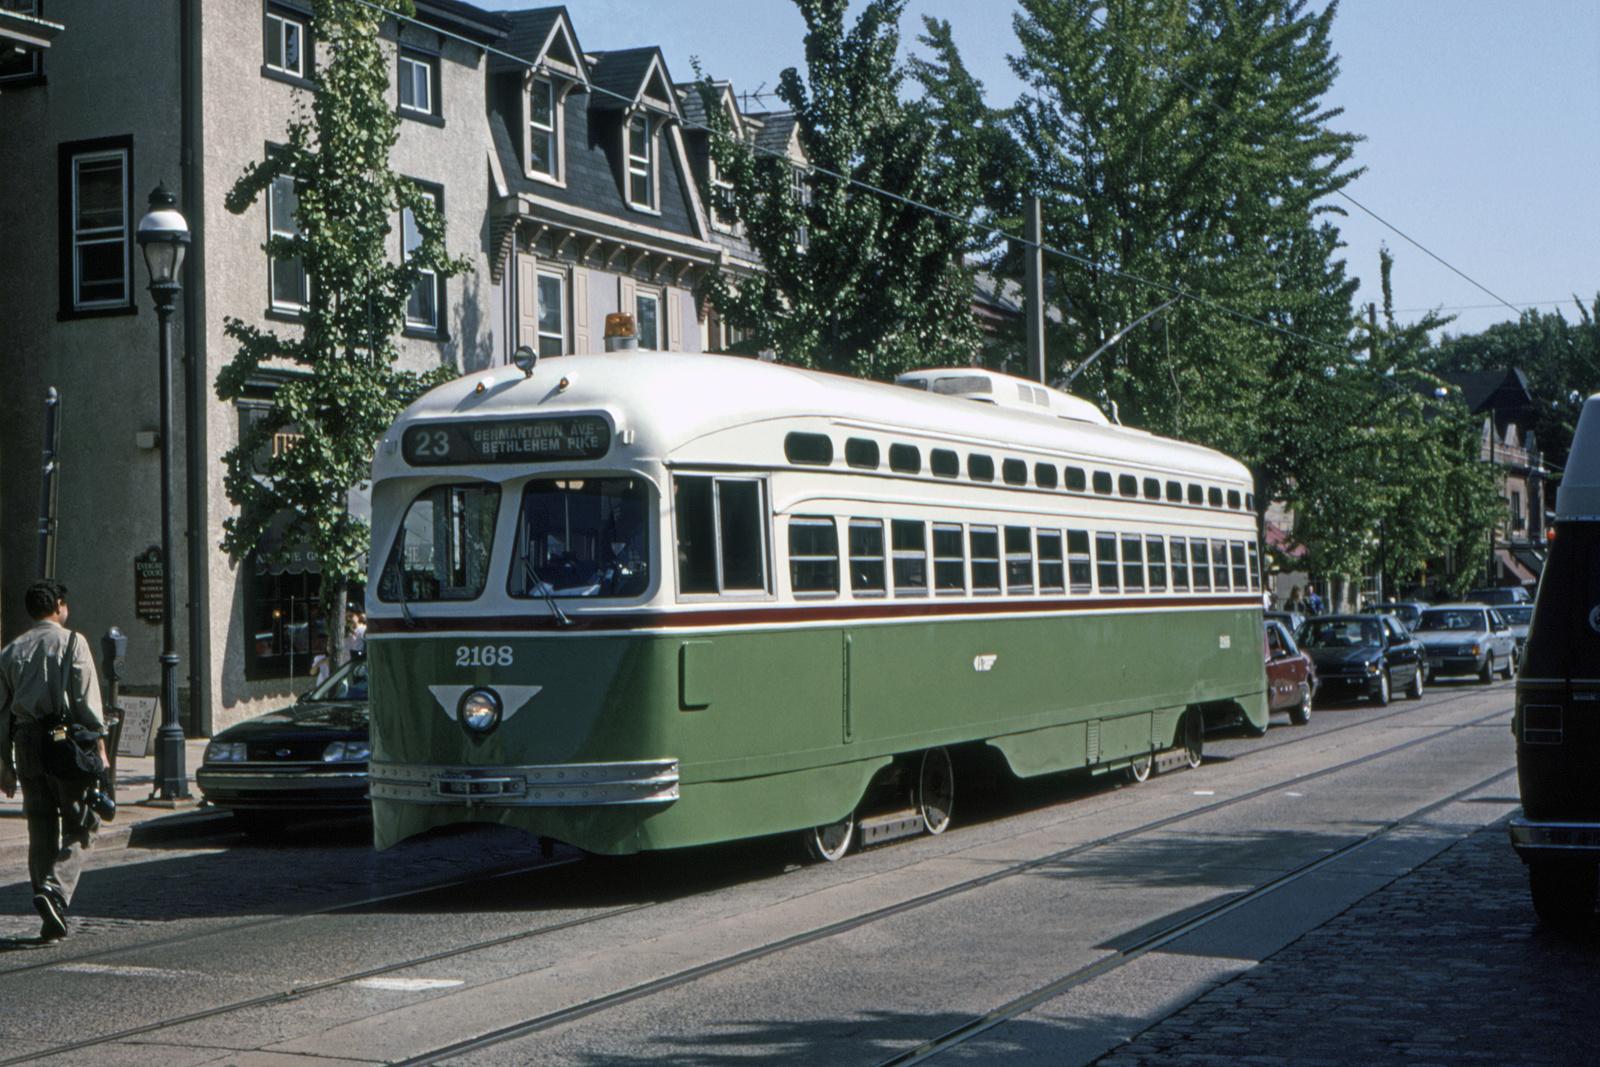 (855k, 1600x1067)<br><b>Country:</b> United States<br><b>City:</b> Philadelphia, PA<br><b>System:</b> SEPTA (or Predecessor)<br><b>Line:</b> Rt. 23-Germantown<br><b>Location:</b> Germantown/Evergreen<br><b>Car:</b> PTC/SEPTA Postwar All-electric PCC (St.Louis, 1948) 2168 <br><b>Collection of:</b> David Pirmann<br><b>Date:</b> 10/1993<br><b>Viewed (this week/total):</b> 0 / 39
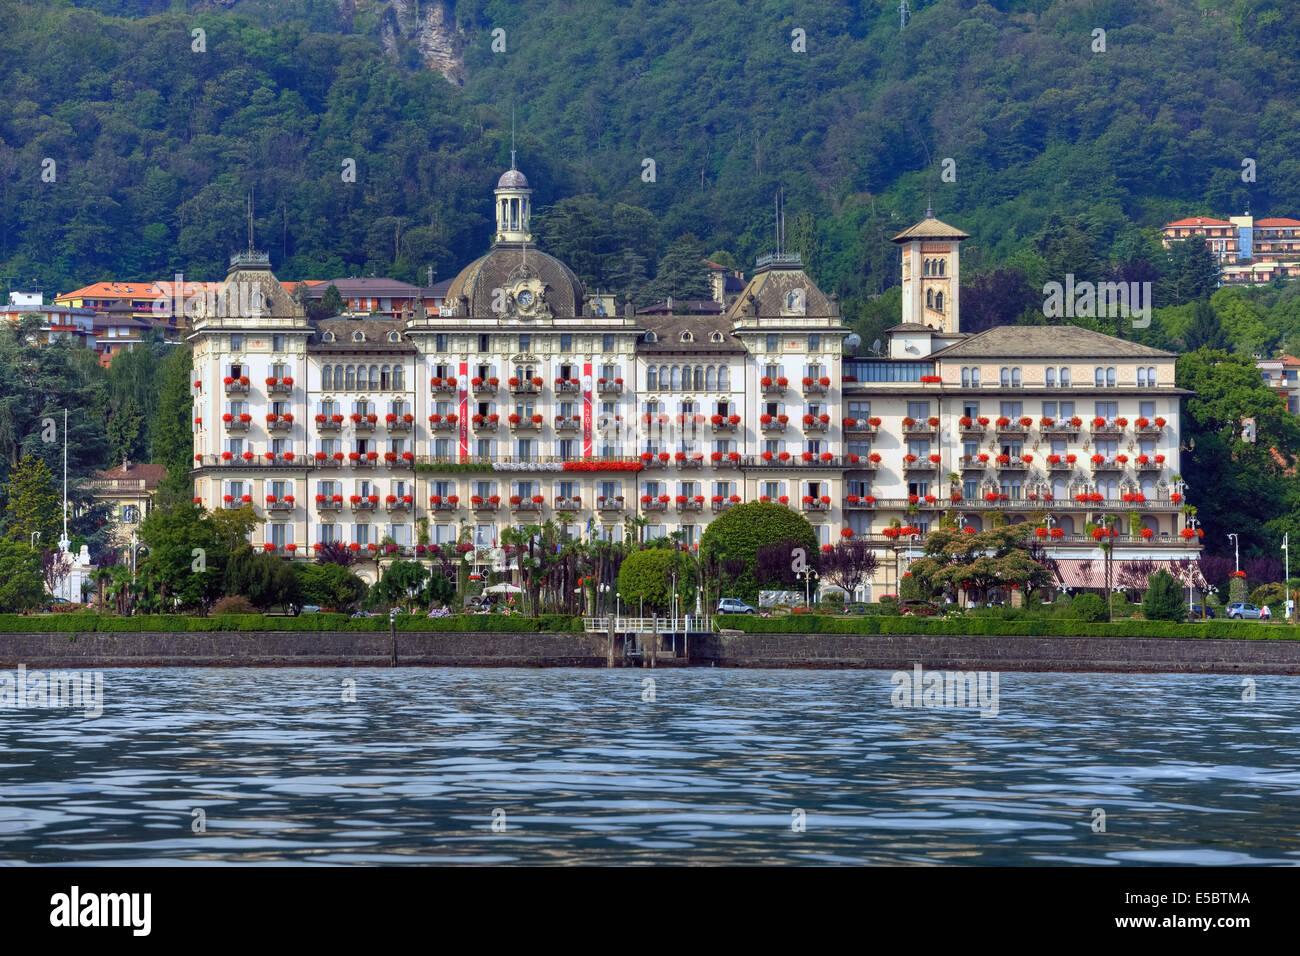 Grand Hotel des Iles Borromées, Stresa, Piedmont, Italy - Stock Image
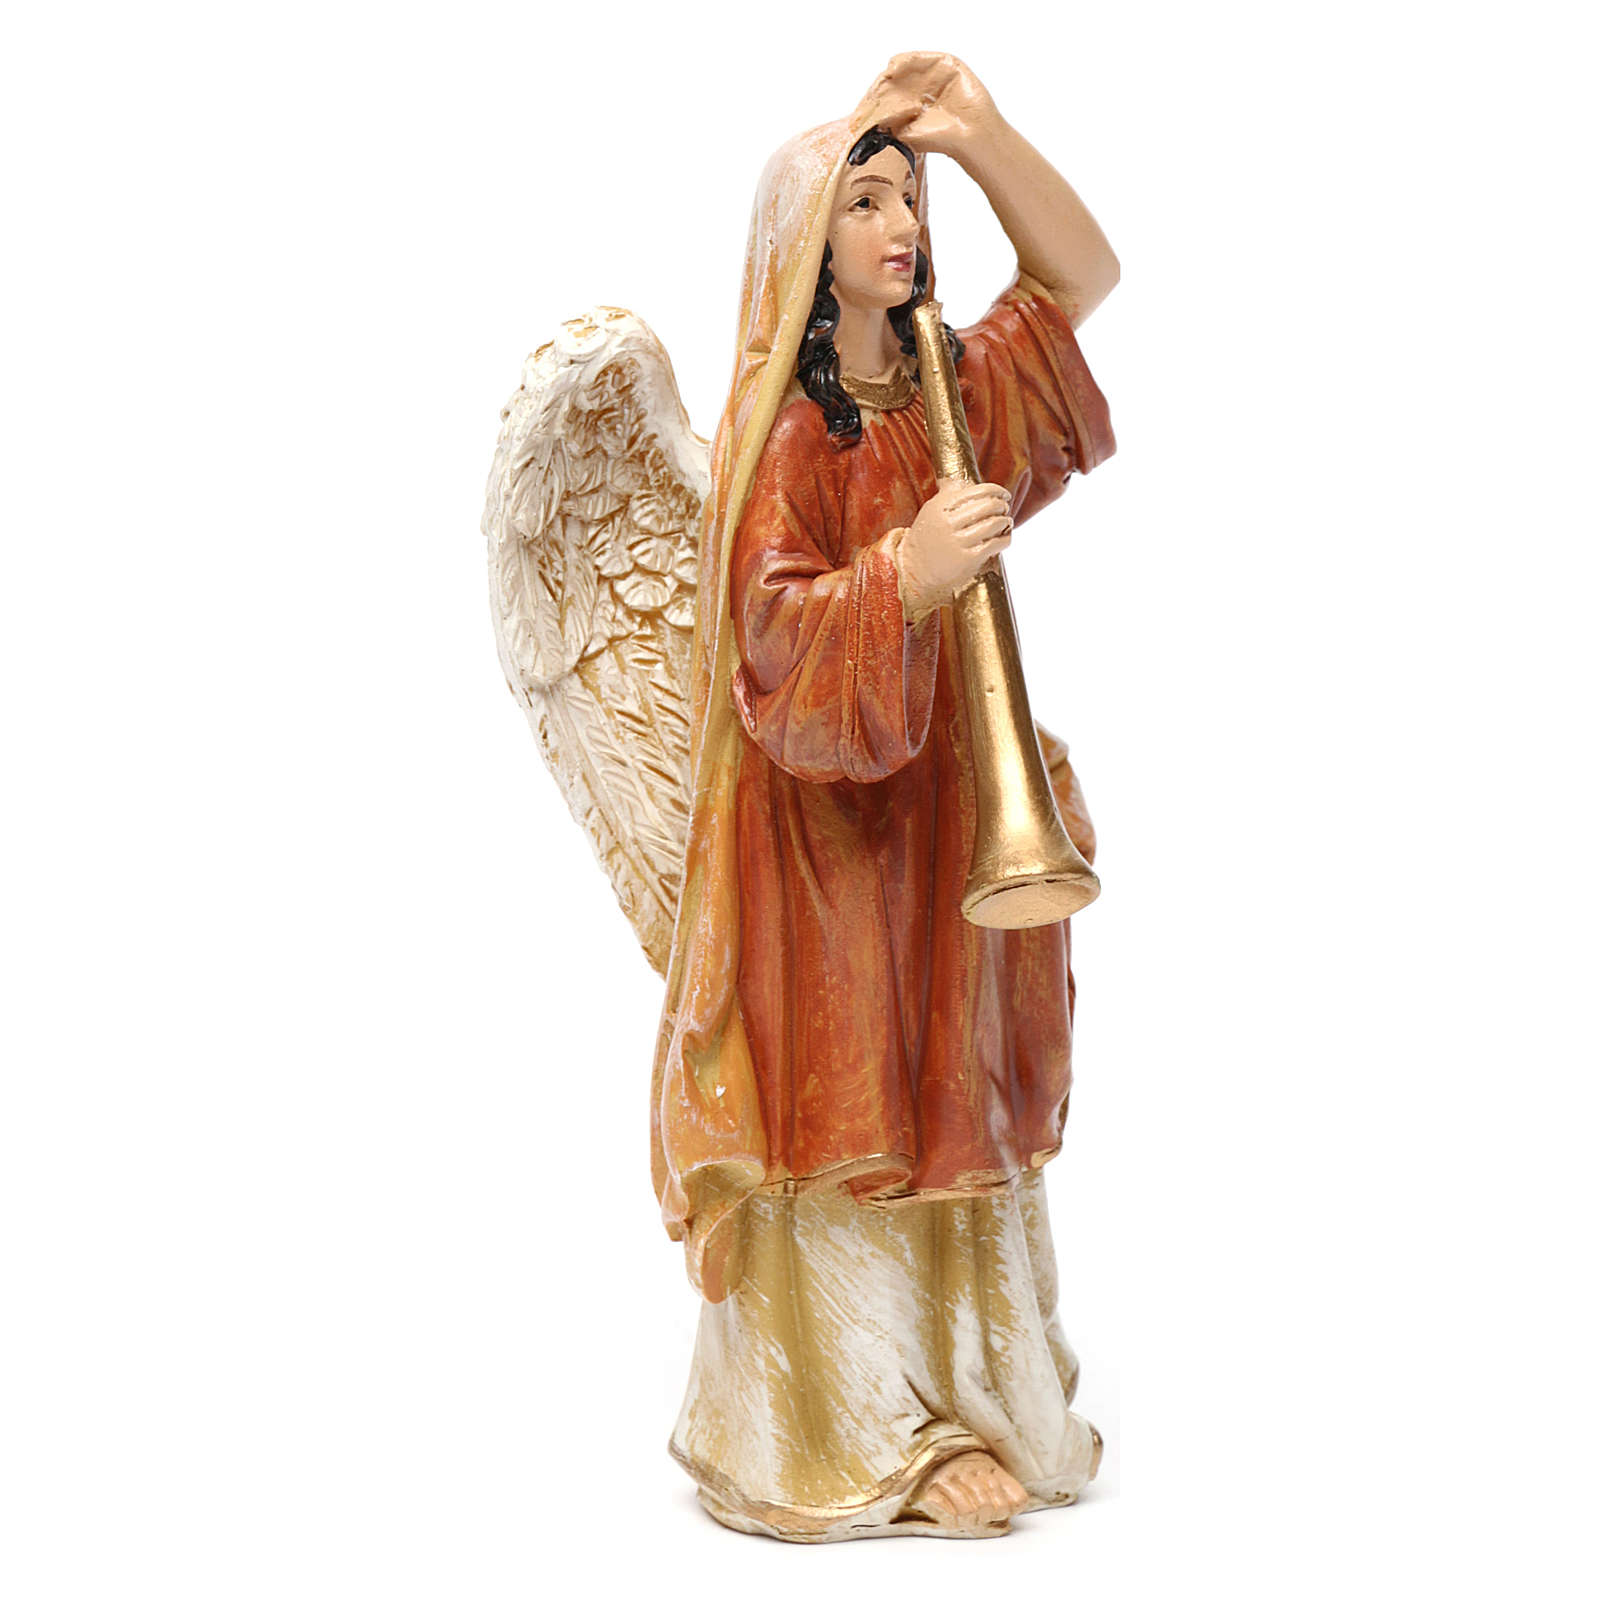 Angeli con strumenti in resina 3 pz per presepe da 13 cm  3
──────────
**Prompt:** Set down the data exactly as it appears, without any images.

**Written answer:**
 (855k, 1600x1067)<br><b>Country:</b> United States<br><b>City:</b> Philadelphia, PA<br><b>System:</b> SEPTA (or Predecessor)<br><b>Line:</b> Rt. 23-Germantown<br><b>Location:</b> Germantown/Evergreen<br><b>Car:</b> PTC/SEPTA Postwar All-electric PCC (St.Louis, 1948) 2168 <br><b>Collection of:</b> David Pirmann<br><b>Date:</b> 10/1993<br><b>Viewed (this week/total):</b> 0 / 39
 Grand Hotel des Iles Borromées, Stresa, Piedmont, Italy - Stock Image
 Angeli con strumenti in resina 3 pz per presepe da 13 cm  3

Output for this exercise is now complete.